1. 警視庁の「町丁別、罪種別及び手口別認知件数」と町丁ごとの人口をスプレットシートにまとめ、各地域(区町丁別)の犯罪発生率を計算する。

※今回のマップで用いた犯罪発生率は犯罪件数÷人口×単位人口(1000人)の式から数字を導いている。(参考にした情報) これにより各地域の犯罪発生率は「1000人あたり何件犯罪が発生しているのか」をわかりやすく求められる。

2.各地域のポリゴンデータを取得する。

3.CSVに書き出す。

4.Geojasonに書き出す。

5.Mapboxstudioに落とし込み、デザインを編集する

今回、ポリゴンデータの取得やCSVに書き出すためのコードは社員さんに手伝っていただきました。犯罪情報マップを実装するために必要なスプレッドシートの書き方や注意点をまとめてみました。

スプレッドシートを用いる際の注意点

Mapbox Studioに地域ごとの犯罪発生率などのデータを落とし込むためにはスプレッドシートを用いて情報を整理した後に、CSVからGeojasonに書き出す方法があります。その際にいくつかスプレッドシートへの書き方で注意すべき点があります。

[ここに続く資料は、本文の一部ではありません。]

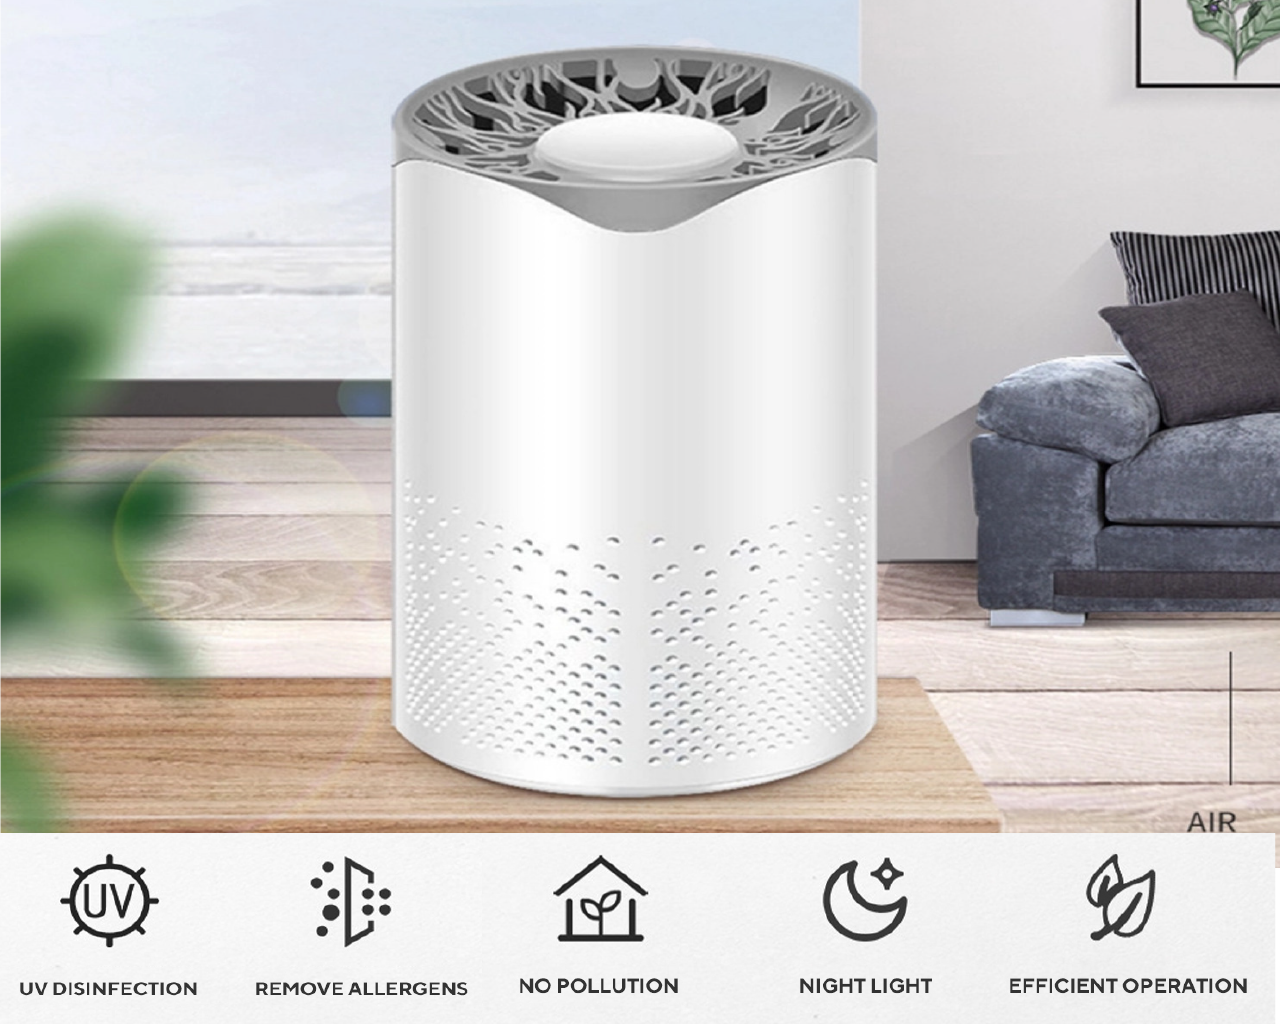 P - UV Air Purifier 4 Layer HEPA Filter ultraviolet light air cleaner portable room size

  • 各項目の表示名は英語で表記する(英語が苦手な人はローマ字表記でもいい)

例えば、世田谷区の丁目別で人口や犯罪発生率をまとめたい場合、1列目の項目表示名は「20年度人口」ではなく「20_population」などと英語表記にしなくてはなりません。スプレッドシートにまとめた後はコードを書くことになるので、アルファベット表記の方が便利だそうです。英語が苦手な方は「20_jinkou」でも大丈夫です!

  • 行(A~)をグループ化できないので、シートを上手く活用する

マップ作成にあたり苦労した点

  • 不審者情報マップを犯罪発生率マップに変更した。

最初は犯罪発生率マップではなく不審者情報マップを作成する予定でした。しかし、不審者情報がまとまっている資料は少なく、情報の信憑性も確保できなかったため、不審者情報ではなく警視庁がまとめた犯罪情報でマップを作成することに予定を変更しました。

  • デザインにこだわることができなかった。

Mapbox Studioを使って色彩により危険度を確認するデザインを実装するのは思いの外難しく、具体的に参考にするマップが見つからないまま進めてしまいました。デザイン性の高いMapbox Studioには様々な機能が備わっているのですが、それ故に使いこなすのに時間がかかるとも思いました。

最後に

旅行先で土地勘がないために恐い思いをした経験から犯罪発生率マップを作成しようと試みましたが実際には実装まで至らず、マップのレイヤー1つ作成するのにも大変な労力と時間がかけられていることを学びました。しかしながら、私のようなMapbox Studio初心者でもレイヤーを自力で作れる可能性があることを知れたことは大きな学びでありました。また、Mapboxでデザインされた地図がこれからも社会のためになることを、このプロジェクトから再確認しました。